There are many cases where the condition is likely to be false almost all of the time. For example, this test could be for an error condition, a very rare data case, or some kind of sanity check.
In a normal cache-load and prefetch pattern, the code for the conditional action is loaded into cache and the early stages of the processor's pipeline system and may even be speculatively executed while the condition is evaluated. If the condition is almost always false, its would be more efficient to load the following code instead of the action code, so the compiler will rearrange the code blocks to place the action code into another area of memory.
In order to do this, the compiler needs to know that the condition is almost always false. The programmer can state this using Compiler Intrinsics such as the GCC __builtin_expect function, or the compiler can discover this by code analysis or PGO.
(Note that in the Linux Kernel, the __builtin_expect
function is used by the friendlier likely()
and unlikely()
macros; this article on Kernel Newbies explains how this works. Other codebases may use a similar approach).

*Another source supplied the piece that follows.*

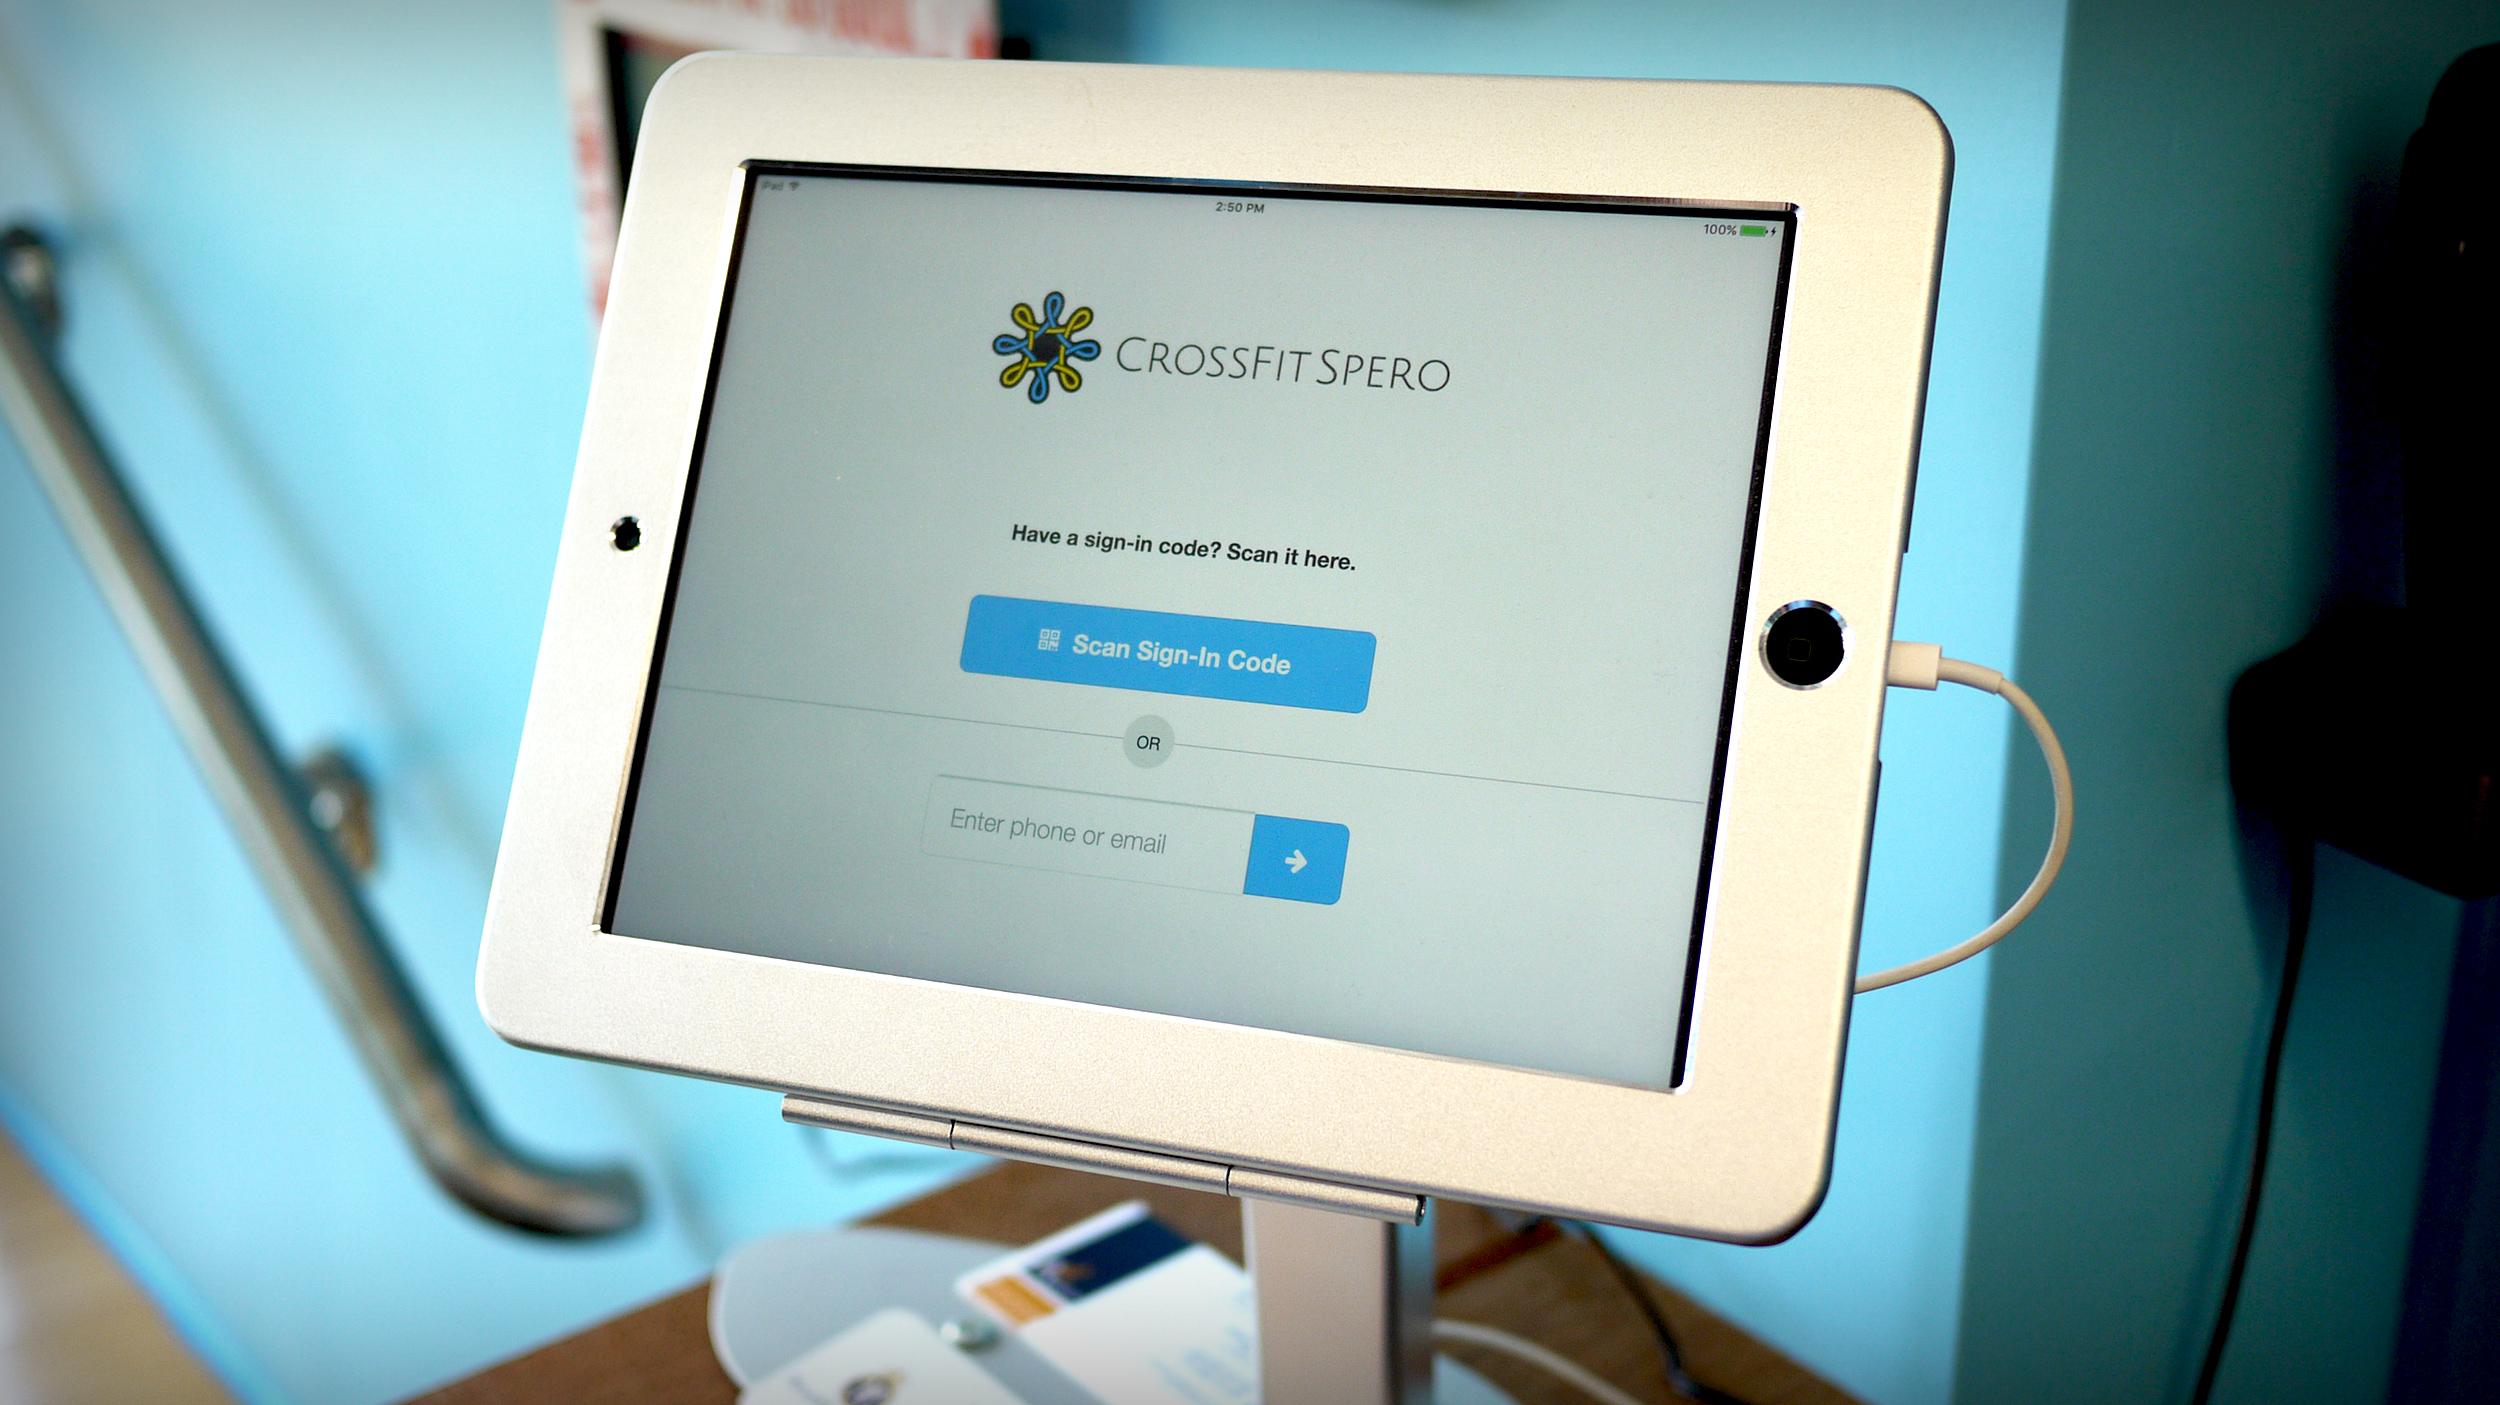 Crossfit Spero sign-in screen

There are many optimizations that occur at the object code level. Selecting an instruction that provides the same result as another instruction but which takes less time to execute, called instruction selection, is a simple and common object code optimization.

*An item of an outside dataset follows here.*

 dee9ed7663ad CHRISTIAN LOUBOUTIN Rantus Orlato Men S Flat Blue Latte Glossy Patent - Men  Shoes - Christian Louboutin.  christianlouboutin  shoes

In order to perform instruction selection, the compiler relies upon a Cost Model, which contain detailed information about the relative execution cost of each instruction which the target can execute. Execution costs can vary between different implementations of an architecture (e.g., cpu models) due to varying numbers and efficiencies of execution units, pipeline size, cache, memory interface details, and so forth, so most compilers accepts both a target architecture and a specific chip model (for example, -march
and -mtune
in gcc).
The x86 instruction set in particular has some quirks that the chip designers have maintained over the years, including the fastest way to zero out a register.
Using low-level debugging tools with code that has been highly optimized can be very challenging, because the object code may bear little resemblance to the source code. However, some errors may only surface when optimization is enabled - for example, optimized code may perform an operation before a device is ready to receive data. Debugging the unoptimized code may not reveal the problem, because the extra execution time may eliminate the error.
The gcc option -Og
attempts to balance optimization with the debugging experience, by enabling only optimizations that will not excessively convolute the debugging process.